Last week, all the boys attending a Warrnambool public school, Brauer College, were forced to stand up and apologise to female students on behalf of all men who have hurt or offended women.
I have since met with concerned parent, Danielle Shepherd, who told me her 12-year-old son in Year 7 had no idea what he was apologising for.
“He’s upset by it – he now has this misconception that everybody looks at him and males as predators or somebody wishing to do harm to someone in a sexualised manner.
“The male staff were all made to stand up too. Some of the kids were confused, asking what offences their teachers had committed. It just added to the total confusion,” she said.

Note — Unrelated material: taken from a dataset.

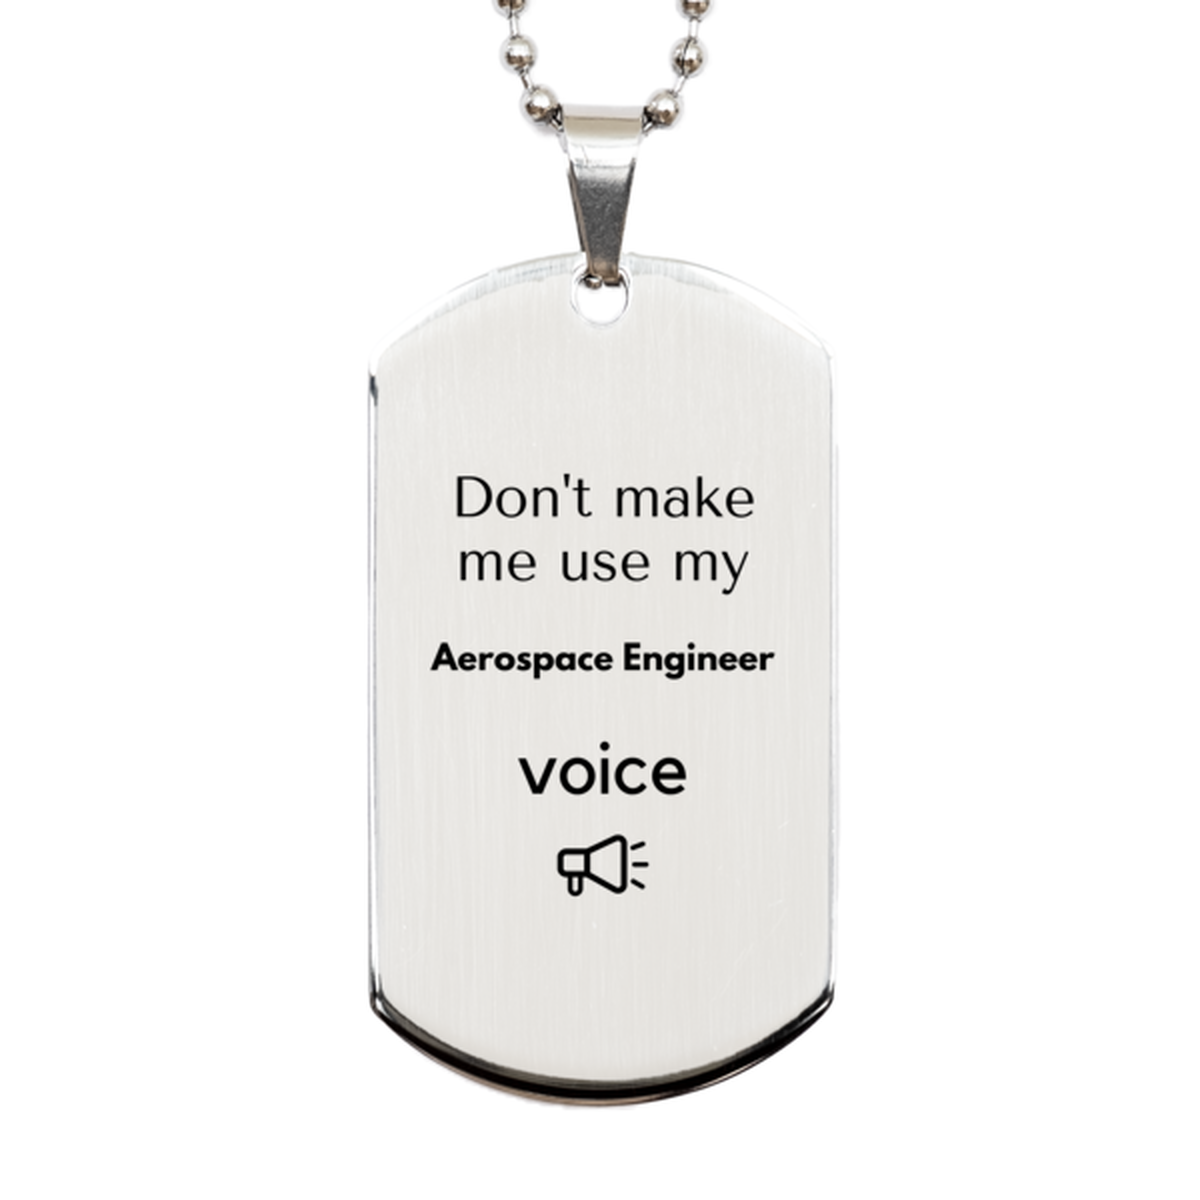 Don't make me use my Aerospace Engineer voice, Sarcasm Aerospace Engineer Gifts, Christmas Aerospace Engineer Silver Dog Tag Birthday Unique Gifts For Aerospace Engineer Coworkers, Men, Women, Colleague, Friends

After creating an international sensation, the school has since admitted it was inappropriate.
And so it should. Its self-absorbed spectacle was jaw-dropping in its overreach, sheer stupidly and offensiveness.
Will the damage done by this type of madness be the next National Apology we give? Will we see the Great Hall in Parliament House lined with chairs for a ceremony in 30 years’ time to ‘Say Sorry to the men of Australia for the hurt and damage caused by labelling them offenders and predators simply because they were born male?’
The Brauer College disgrace should be enshrined as a lesson for others.
Theirs was the kind of mistake made when ideology and fashion trump common sense and decency. The compulsory confession was a massive over-reaction when a simple classroom discussion might have been more meaningful, robust and even educational.
Collective guilt is doomed to have consequences. Worse than pointless, it could be psychologically harmful, a zealous zeitgeist that may bite these boys’ backsides in the years to come, or sooner.
Teachers should not usurp the role of parents. The current decline in students’ academic results in reading, writing, maths, science and so on should be enough to keep teachers fully occupied with ABC and one, two, three.
Schools should, of course, engage the highest standards for respect and discipline.
This was certainly the case when my twin boys attended Brauer College in Years 7 and 8 at a time when it was known for excellence in educational outcomes and student behaviour.
My strong preference is that schools stick to getting the educational basics on track, leaving parents to be the moral, social and ethical guides for their children. Research indicates that this sentiment is echoed by about 70 per cent of people.
When individuals like Danielle Shepherd speak out, those who agree in silence begin to feel less like an island in an ocean. The volume on the national common-sense button needs to be turned up.
Brauer’s blanket-bombing of innocence, and the innocent, should force us to sit up very straight.
While this sorry-example was exposed, it does leave one feeling somewhat queasy about what else schools are telling our children.
Are they really Safe Schools?
Beverley McArthur is a member of the Victorian Legislative Council.